How to solve $x \equiv 2^{2999999} \pmod {17}$?

Question

What trick can I use to solve the question (in the title)?

I need to solve it by hand, wihtout the help of a computer or calculator. And the trick shouldn't just work with my example but also with $3^{123456789}$ for example.

Answer 1

Write down the first few numbers. $2^0 \mod 17 = 1$. $2^1 \mod 17 = 2$. $2^2 \mod 17 = 4$. $2^3 \mod 17 = 8$. $2^4 \mod 17 = 16$. $2^5 \mod 17 = 15$. $2^6 \mod 17 = 13$. $2^7 \mod 17 = 9$. $2^8 \mod 17 = 1$.

Now if we go on with this, then the results will repeat.

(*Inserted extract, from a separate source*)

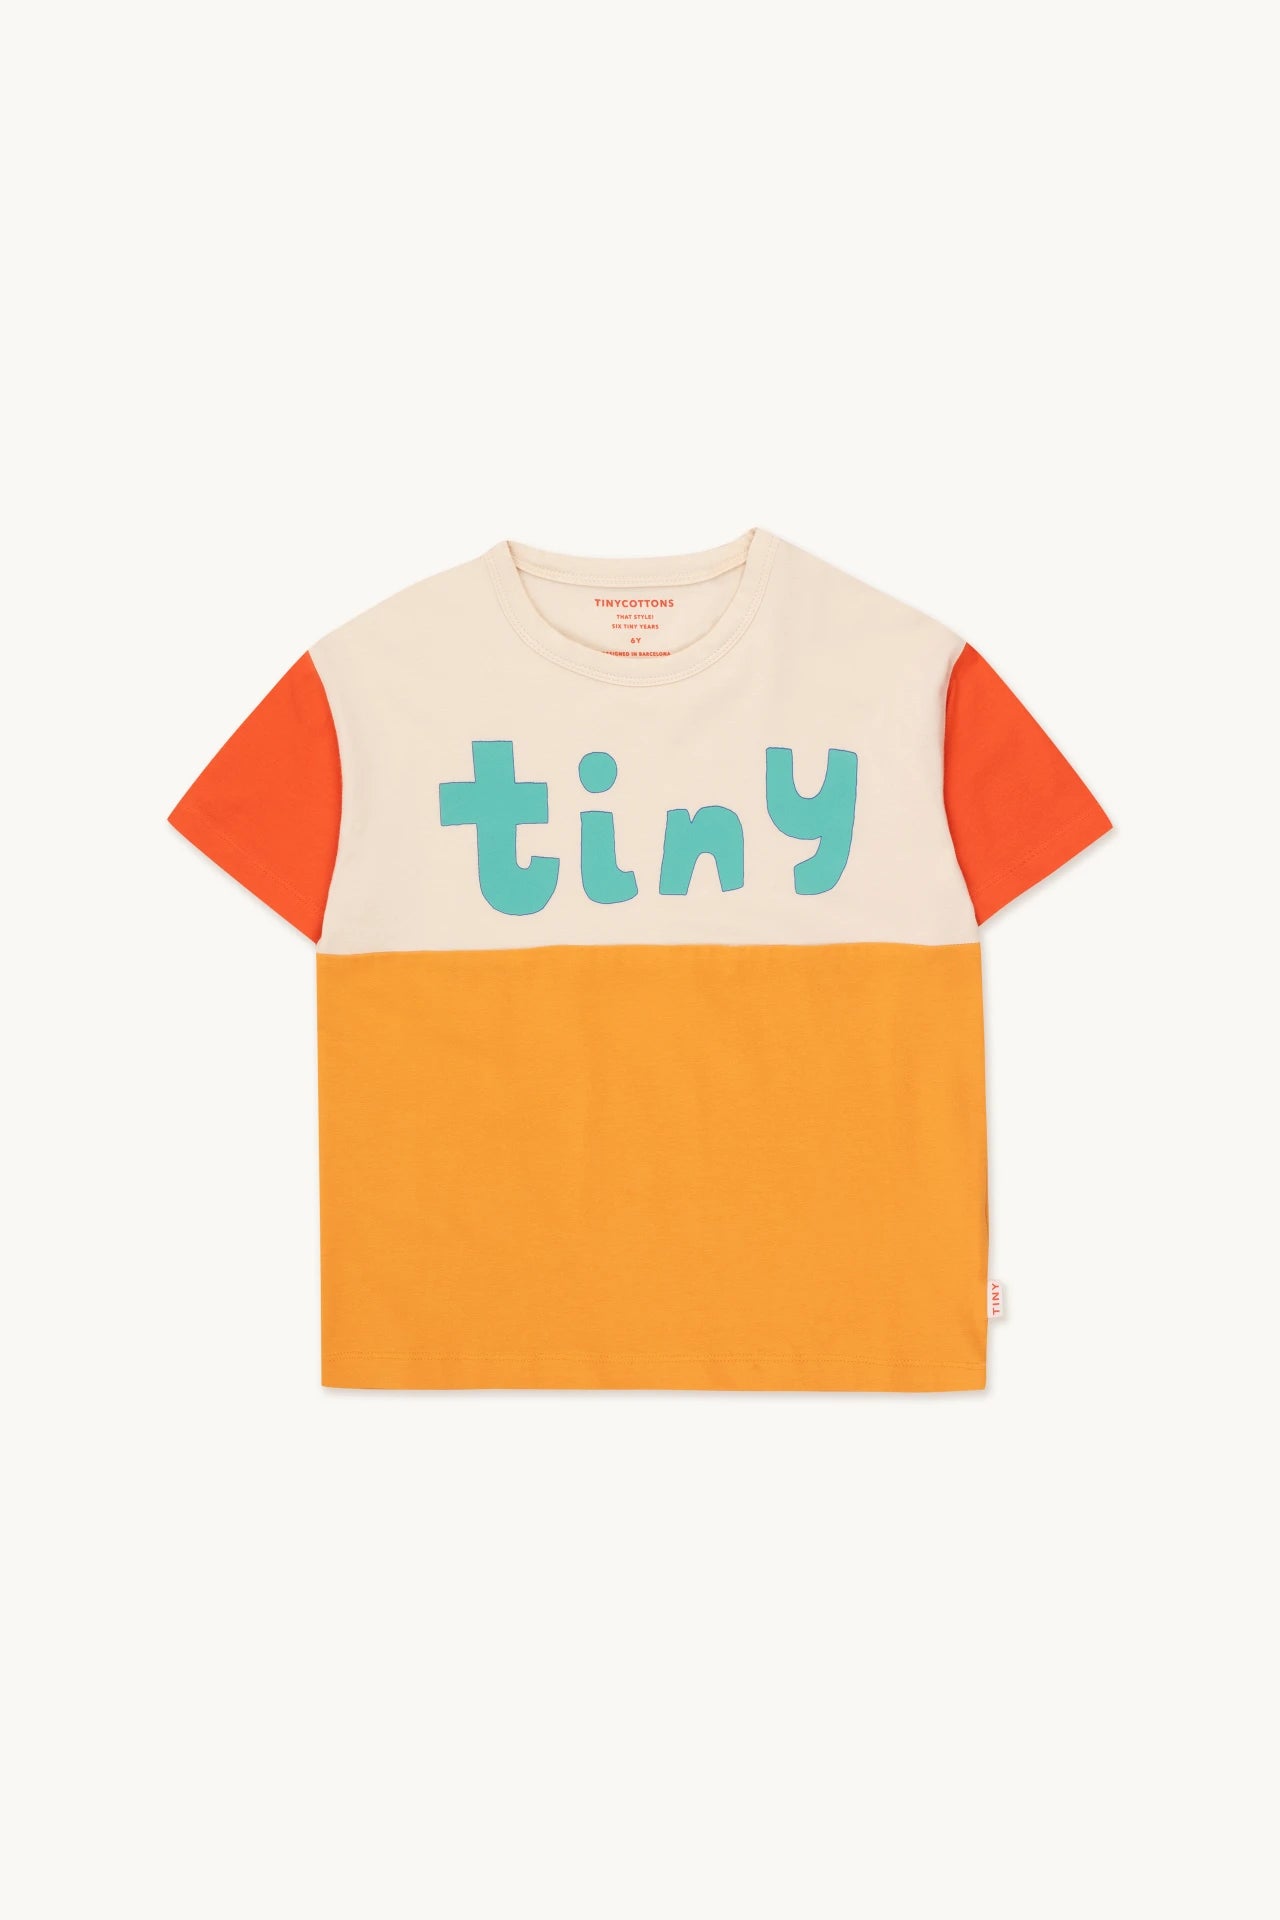 Tiny Cottons - Tiny Color Block T-Shirt

We will find that $2^8 = 2^{16} = 2^{24} ... \mod 17 = 1$. Every time the power is a multiple of eight, the modulo is 1. Therefore $2^{2999992} \mod 17 = 1$. And 7 steps further, $2^{2999999} \mod 17 = 9$.

Answer 2

Note that Fermat's little theorem tells us that $2^{16}\equiv 1 \bmod 17$

Now $2^{16n}=(2^{16})^n\equiv 1$

Next $2999999+1=3000000$ and $16\mid 3000000$ - if this is not obvious it is because $10000=16\cdot 625$ ($10^4=2^4\cdot 5^4$)

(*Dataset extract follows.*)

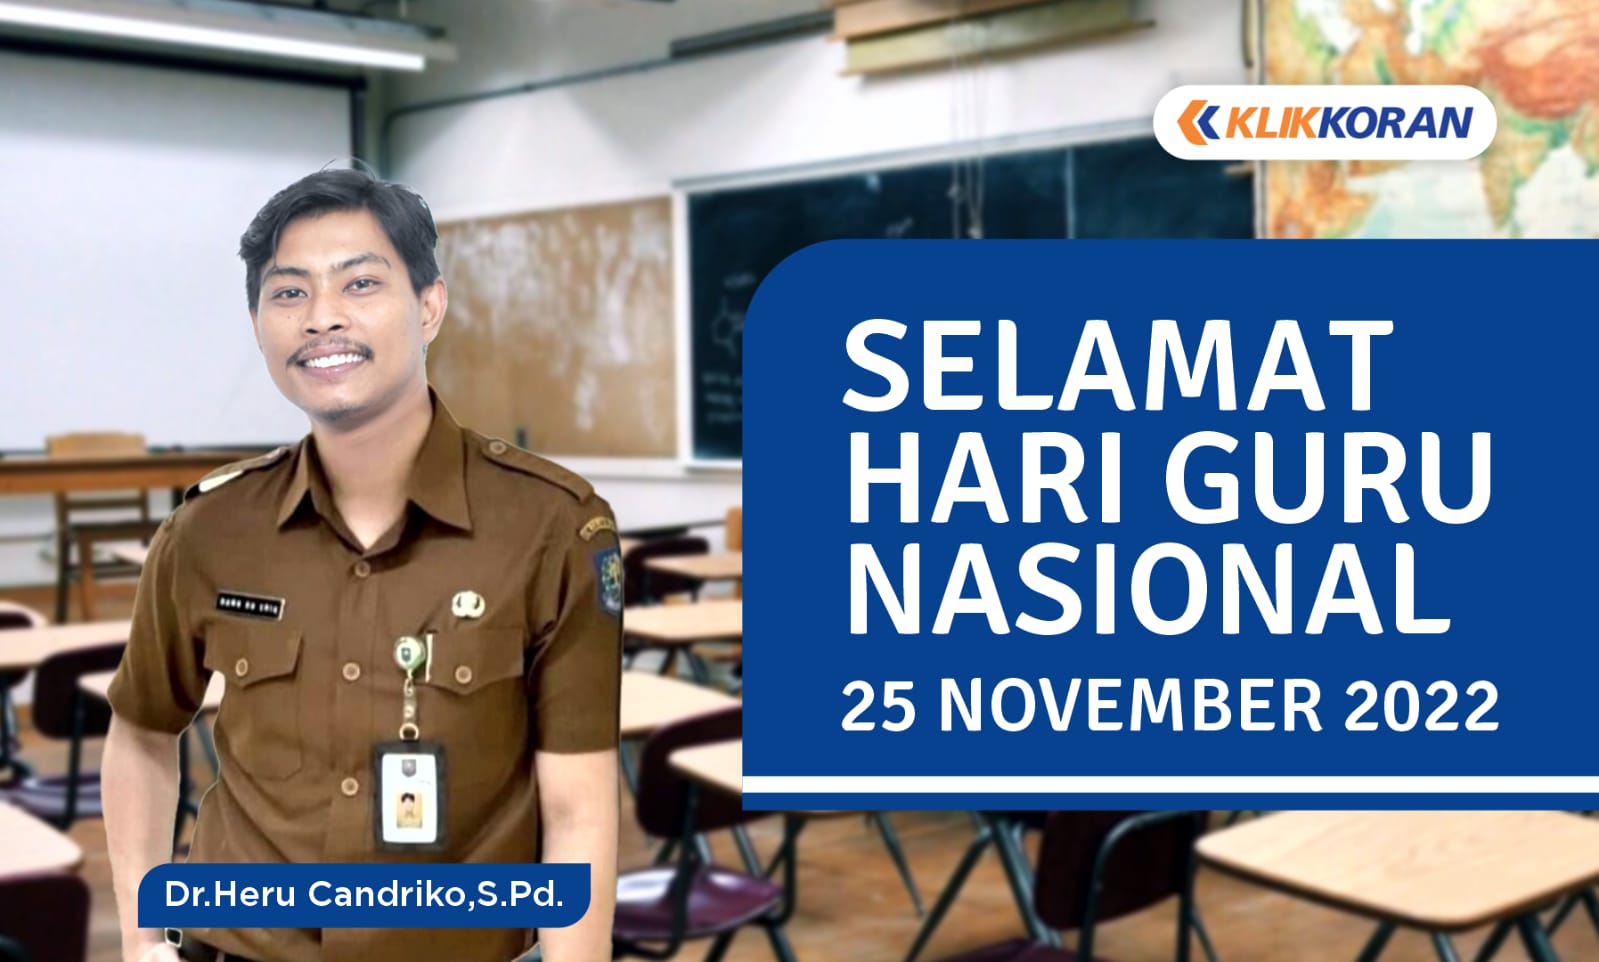 Hari Guru Nasional 25 November 2022. (Foto: Klikkoran.com)

So that $2x\equiv 2^{3000000}\equiv 1\equiv 18$ and $x\equiv 9$

If Little Fermat is not available $2^4=16\equiv -1$ as in the comments gives $2^8\equiv 1$ and a similar argument works.

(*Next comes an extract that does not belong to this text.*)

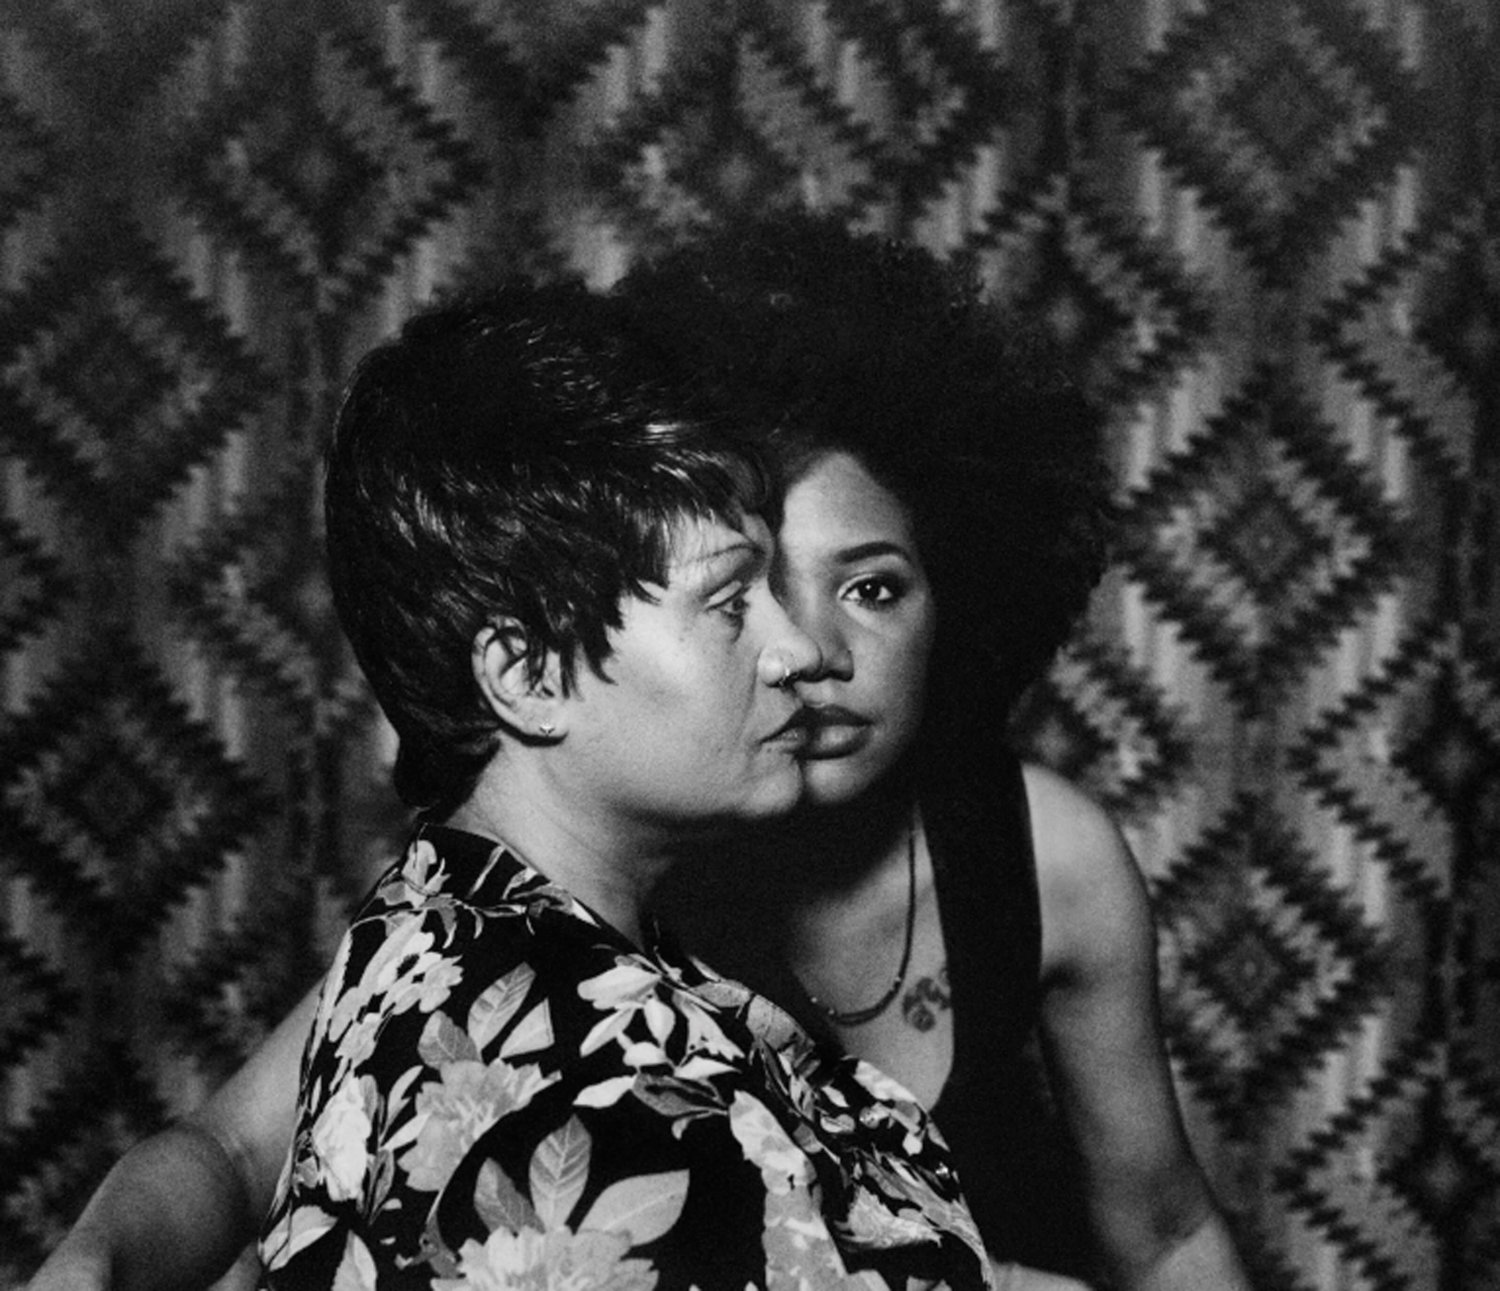 Schwarz-Weiß-Fotografie von LaToya Ruby Frazier, die sie mit ihrer Mutter vor einem gemusterten Vorhang zeigt

That can be done in your head and doesn't require dividing $2999999$ by anything.

Answer 3

$2^{16} \equiv 1\mod17$, and $2999999 = 187499 \times 16 + 15$, so we know $(2^{16})^{187499} \equiv 1\mod17$, so the answer is $2^{15}+1 \equiv 10\mod 17$.

Answer 4

$2^{16} \equiv 1$ (mod $17$), and $10000$ is divisible by $16$. Hence $2^{2999999} \equiv 2^{9999}$ (mod $17$). Since $2 \times 2^{9999} \equiv 1$ (mod $17$), so that $ 2^{9999} \equiv 9$ (mod $17$).

Similarly, $3^{123456789} \equiv 3^{6789} \equiv 3^{789}$ (mod $17$) since $6000$ is divisible by $16$. Now $789 = (16 \times 49) +5,$ so that $3^{789} \equiv 243 = (14 \times 17) +5 \equiv 5$ (mod $17$).